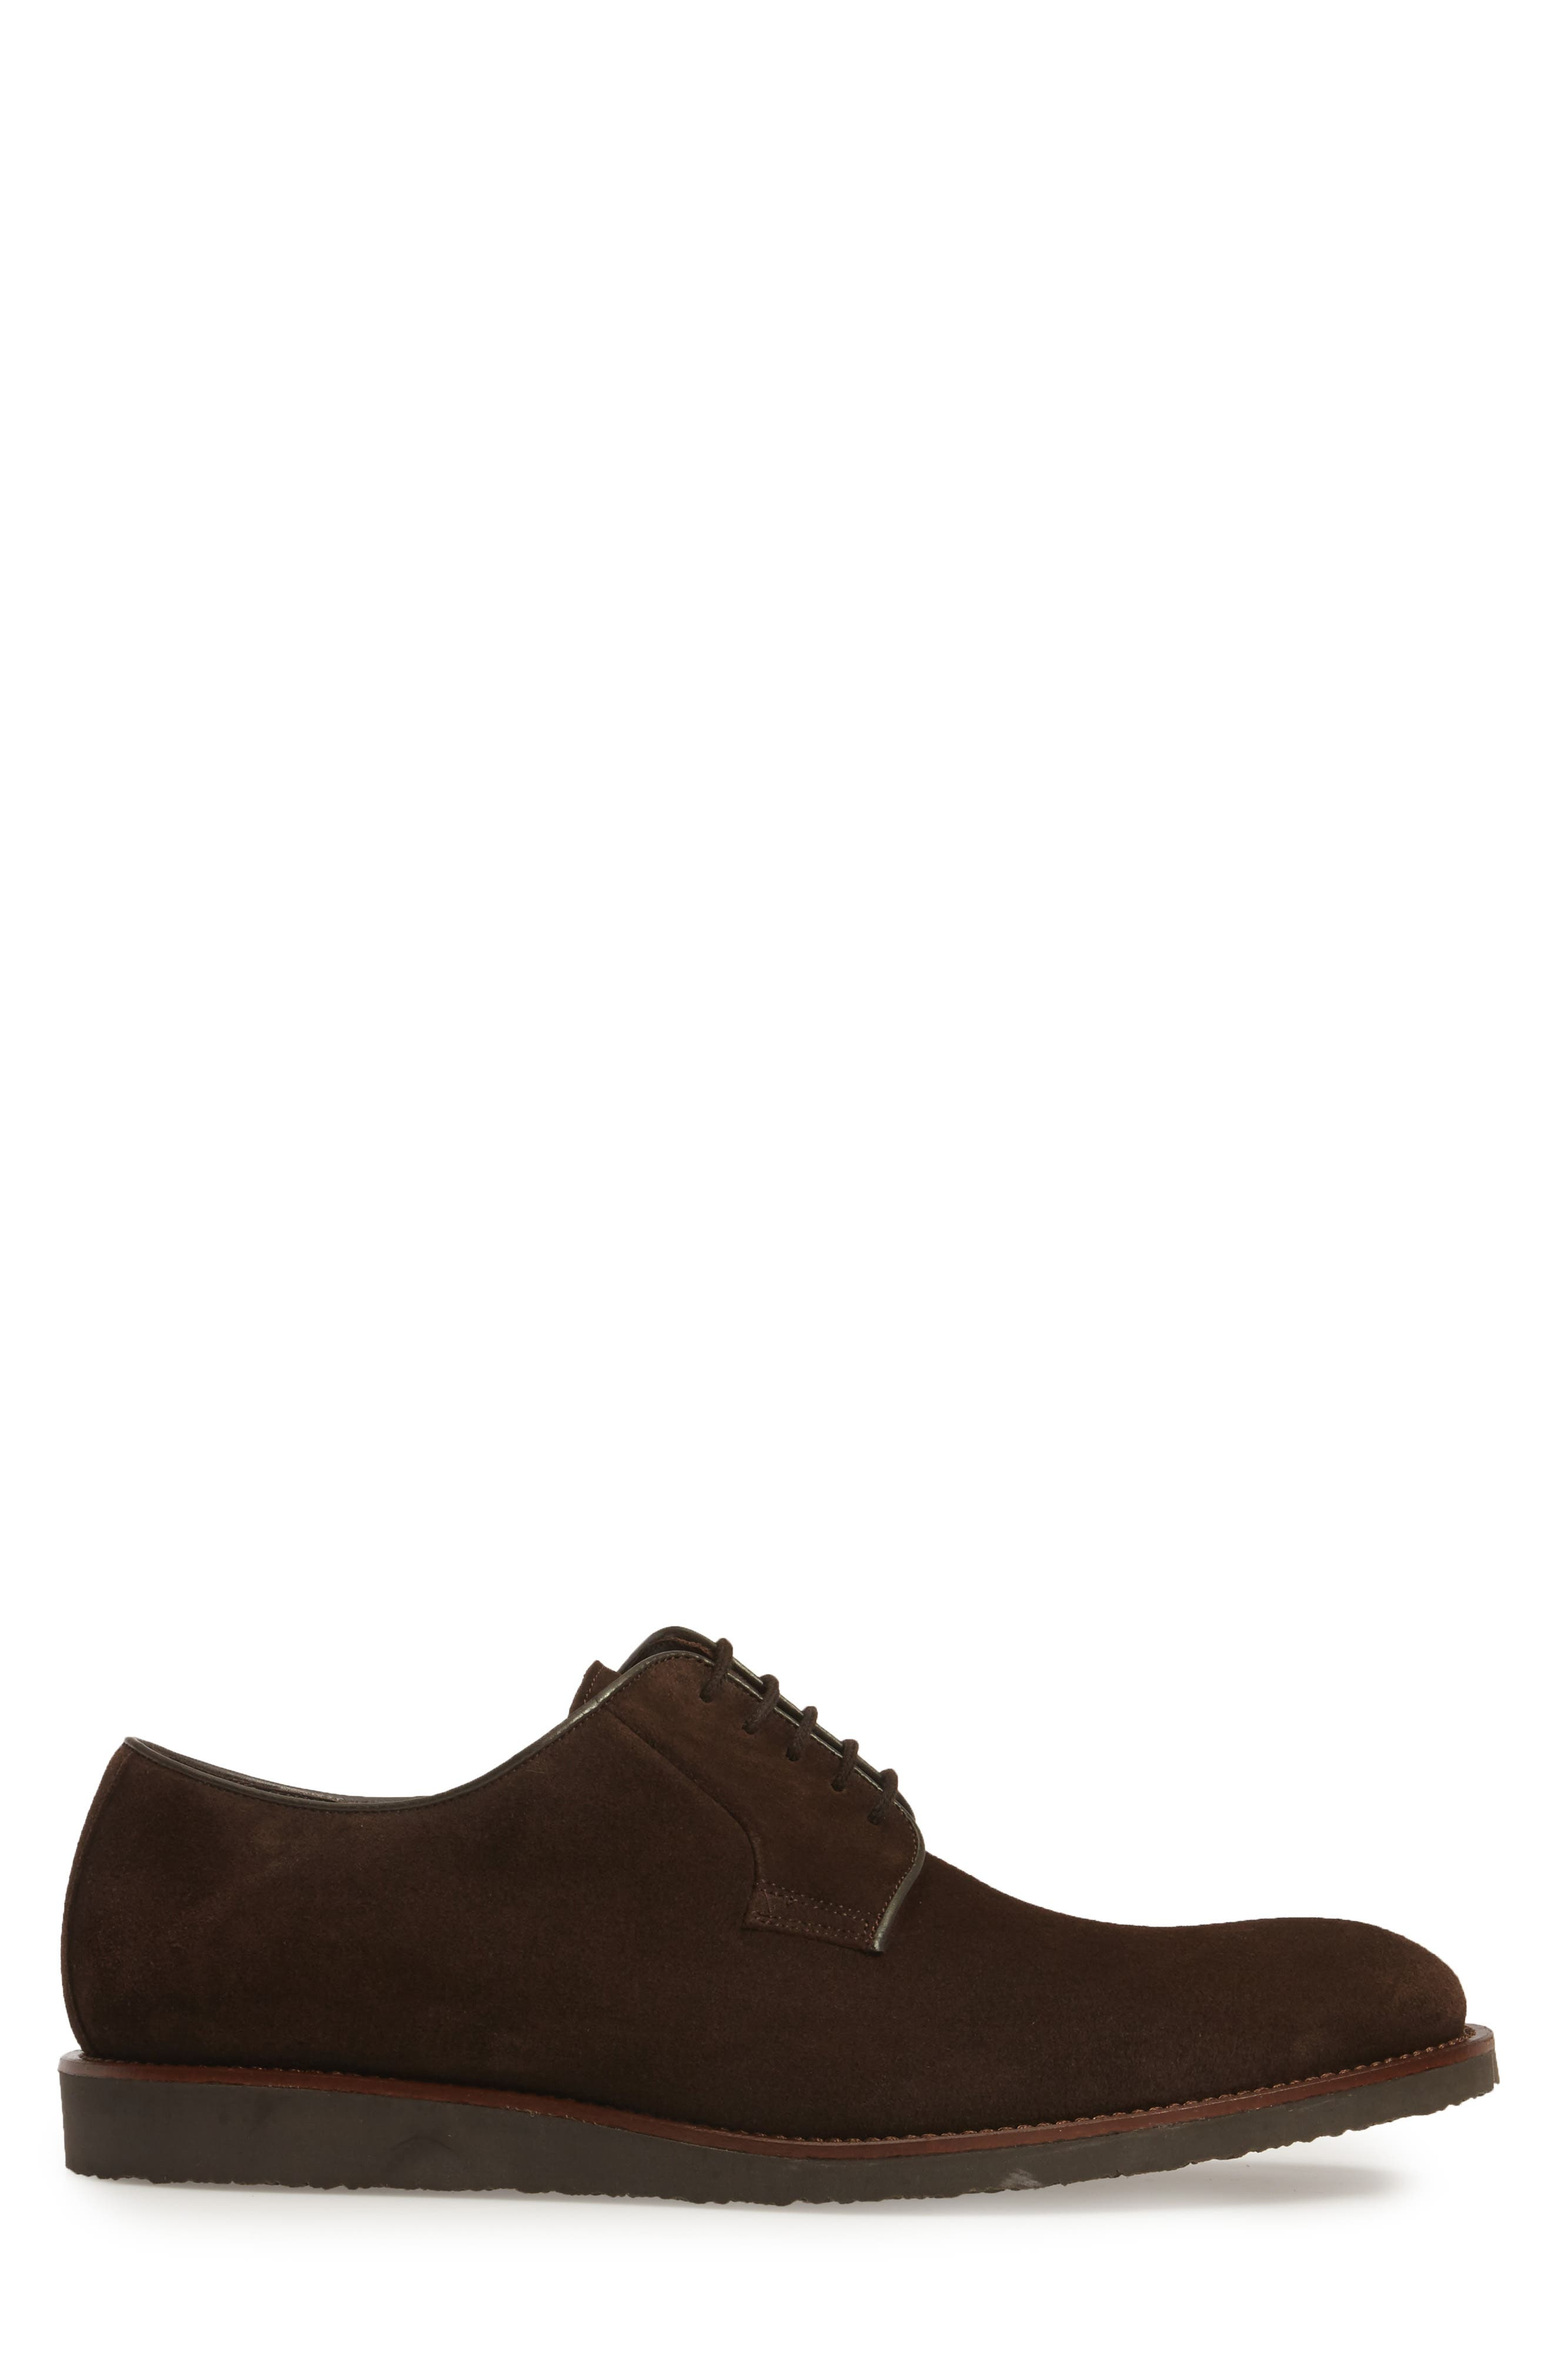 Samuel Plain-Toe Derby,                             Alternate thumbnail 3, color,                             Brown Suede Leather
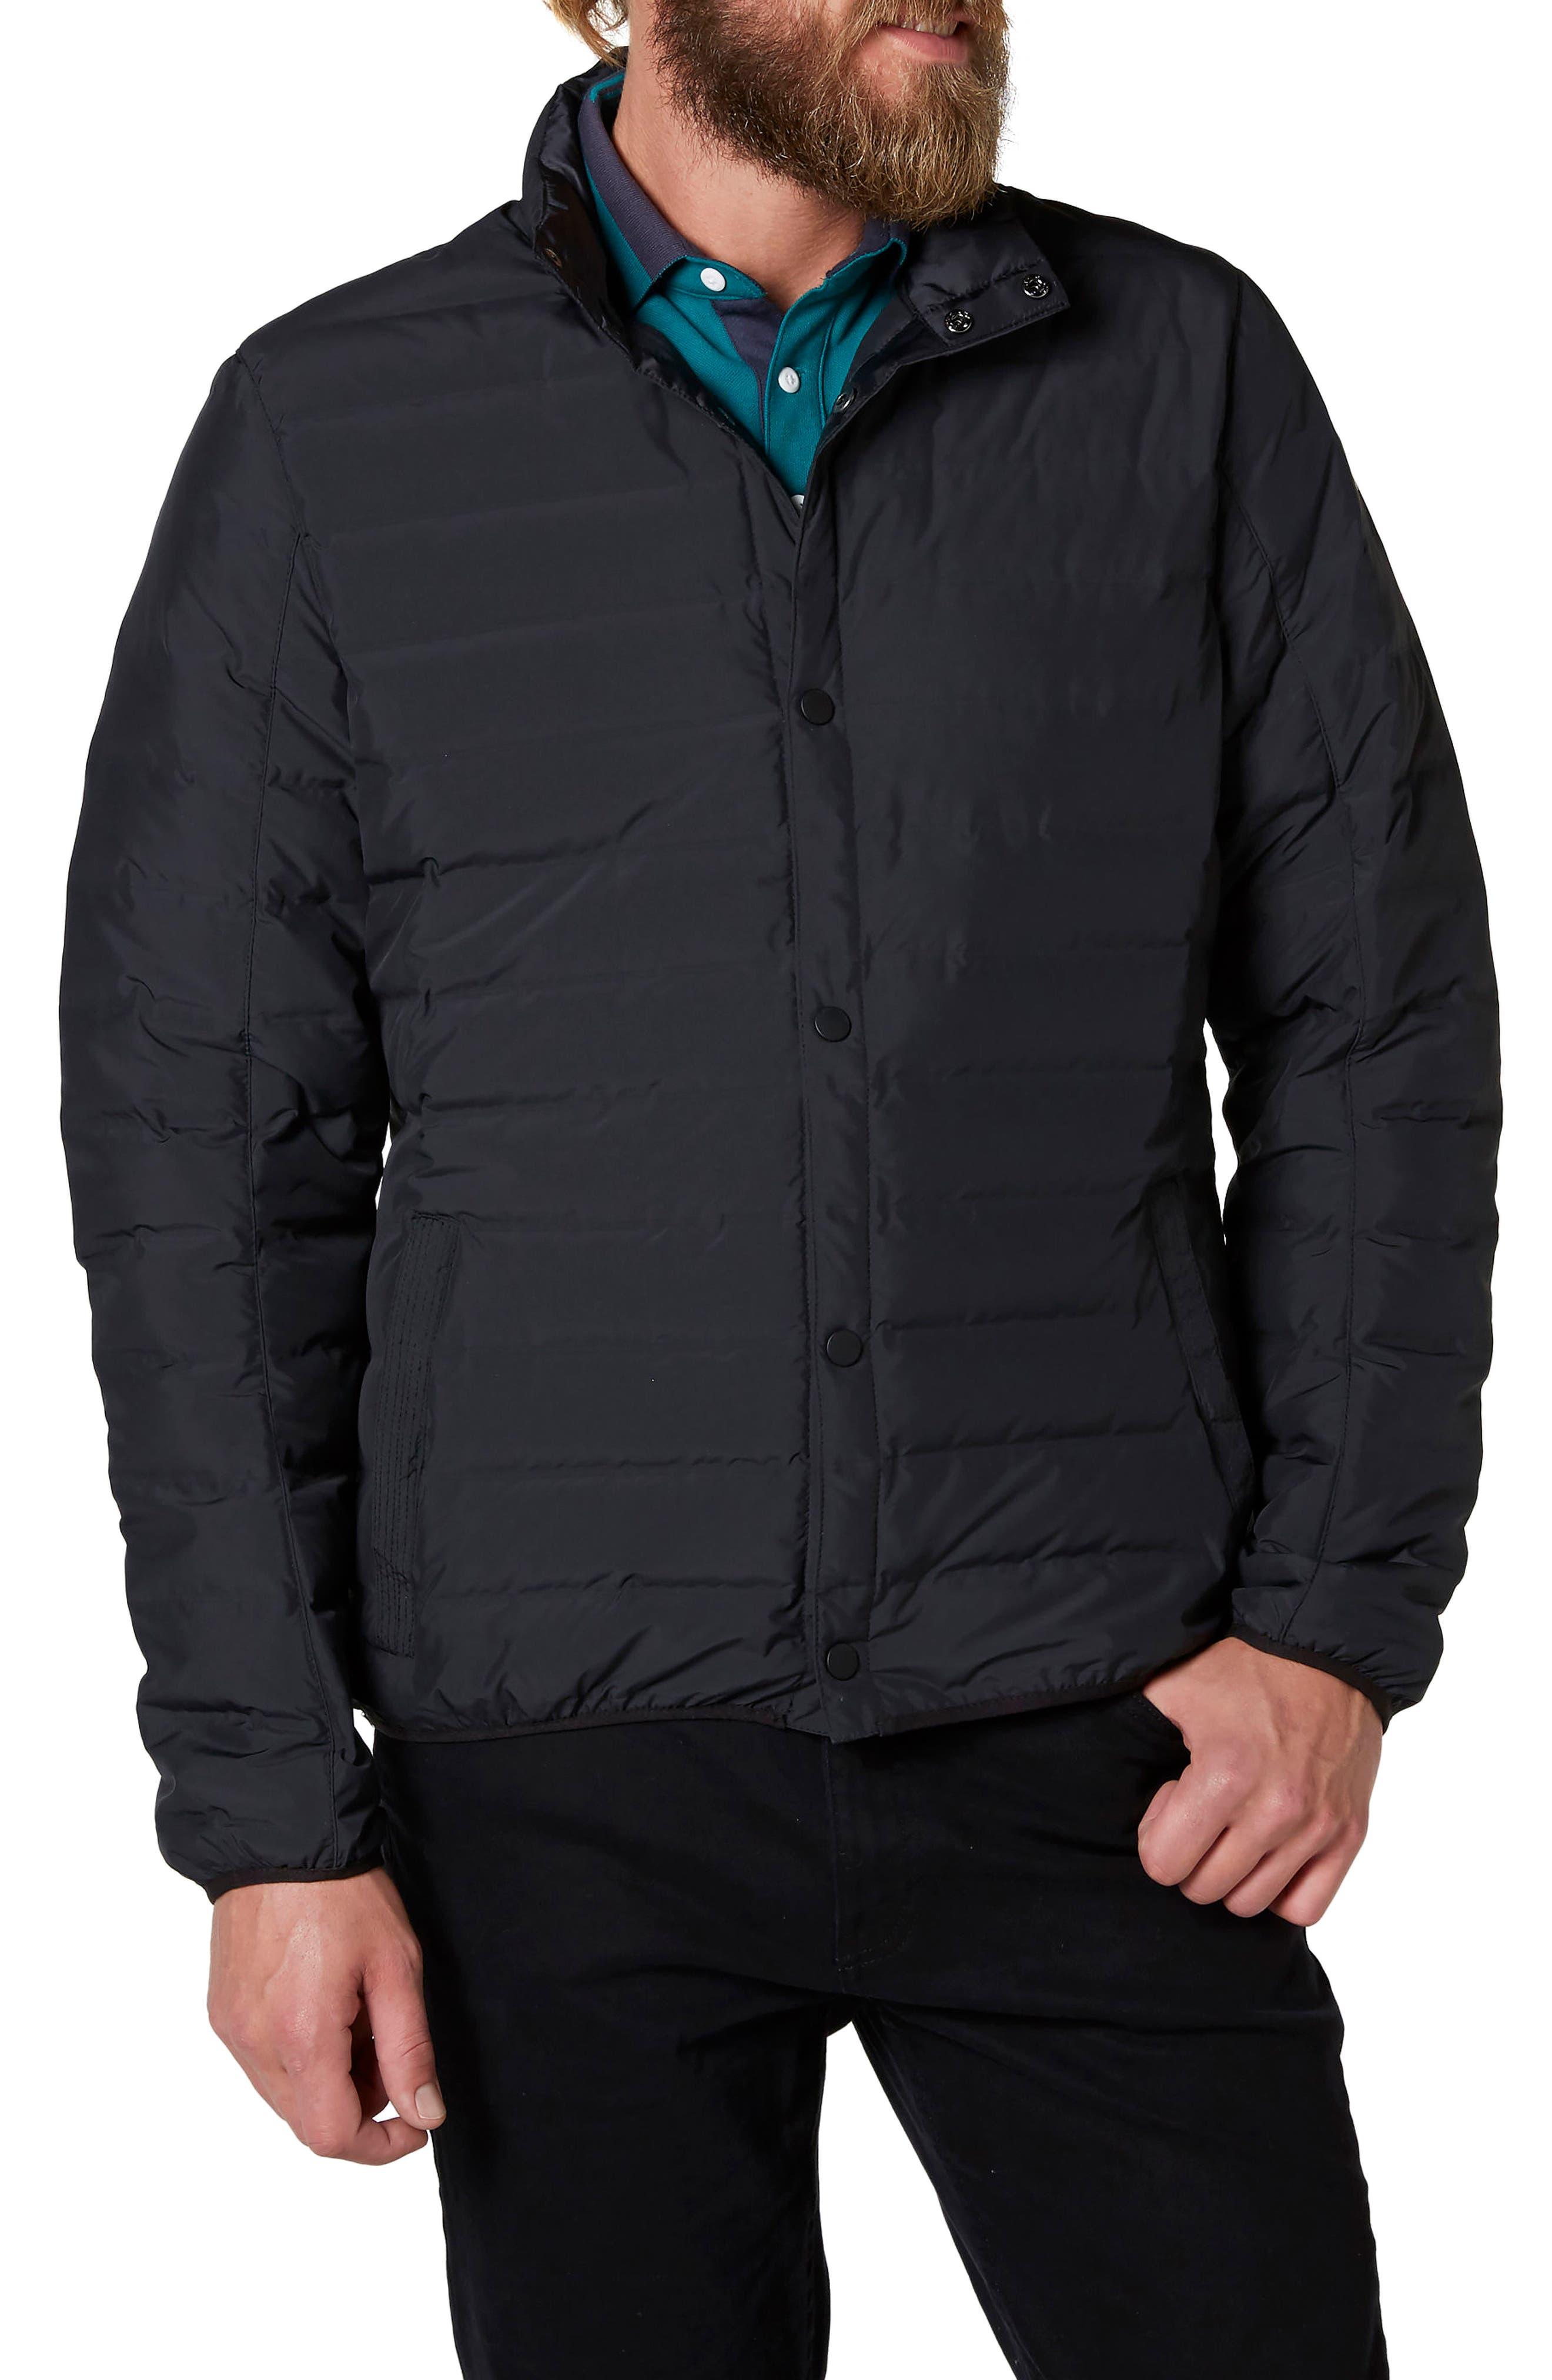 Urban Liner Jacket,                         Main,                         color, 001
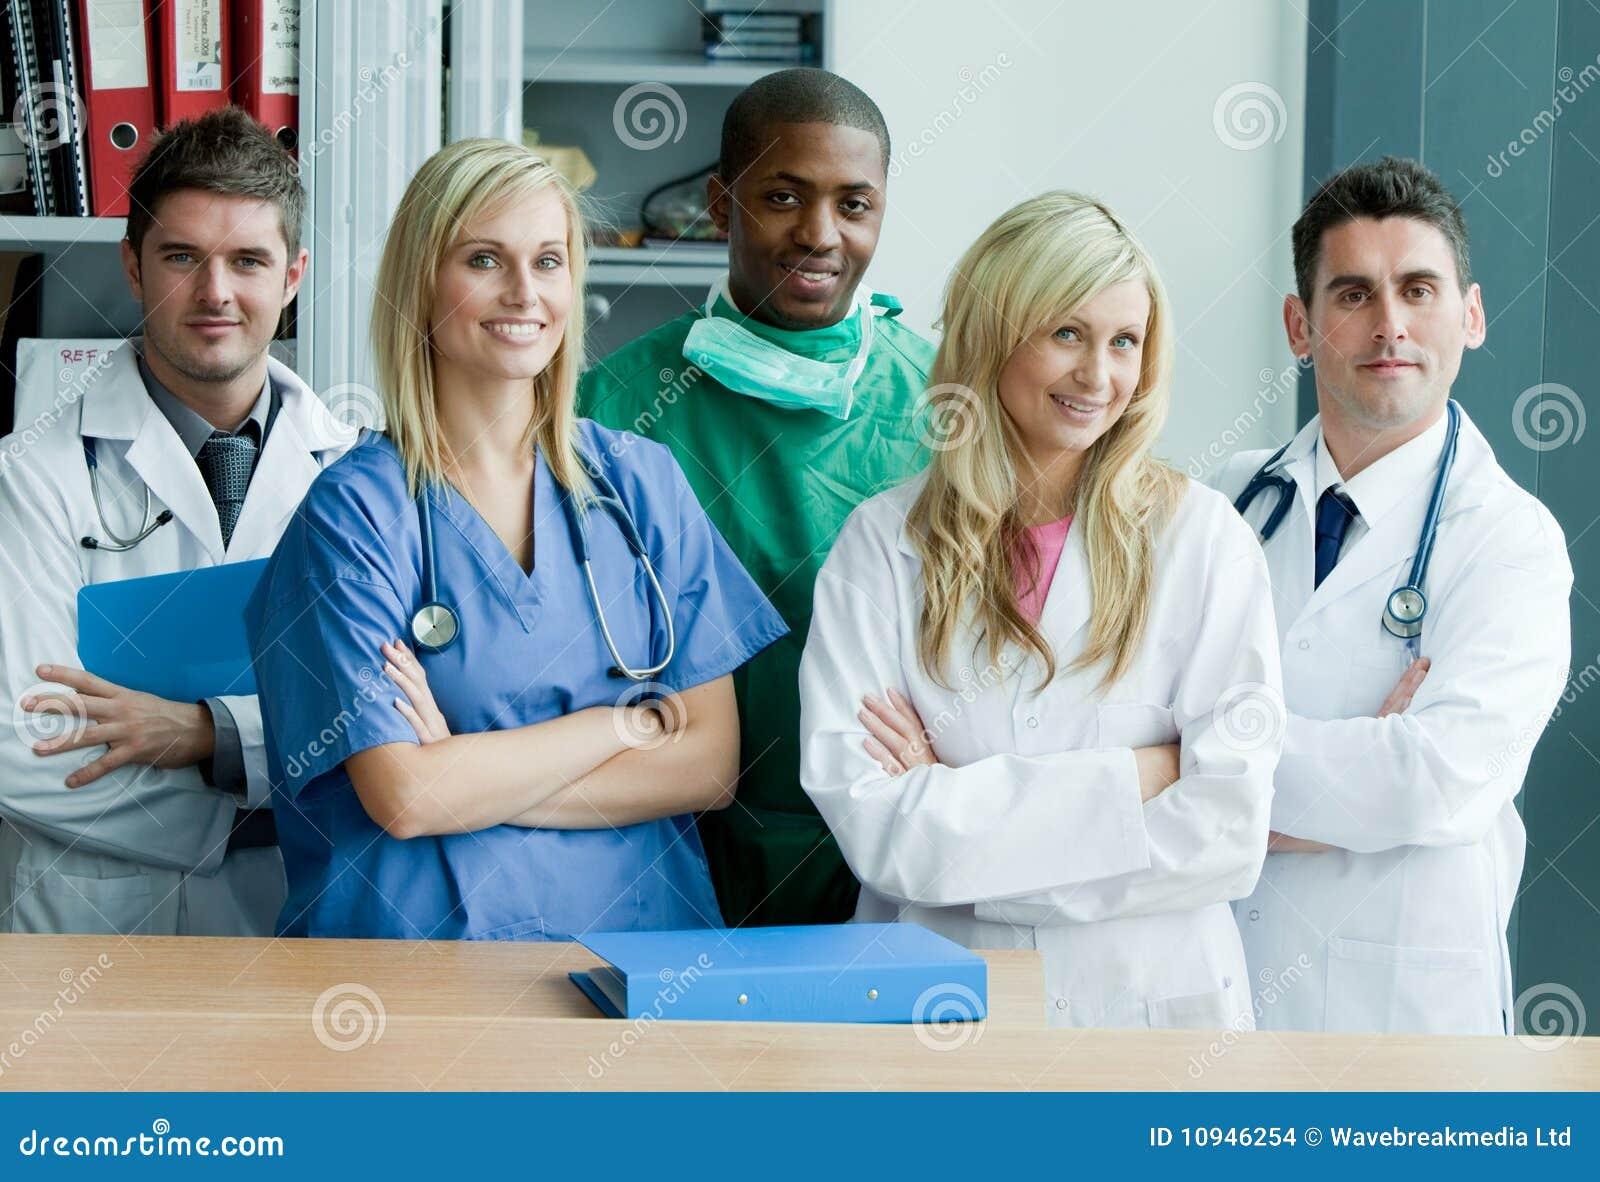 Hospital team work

Required work: Put each line of the listing above into the copy exactly, dropping the pictures.

Exercise result:
 Samuel Plain-Toe Derby,                             Alternate thumbnail 3, color,                             Brown Suede Leather
 Urban Liner Jacket,                         Main,                         color, 001
 Hospital team work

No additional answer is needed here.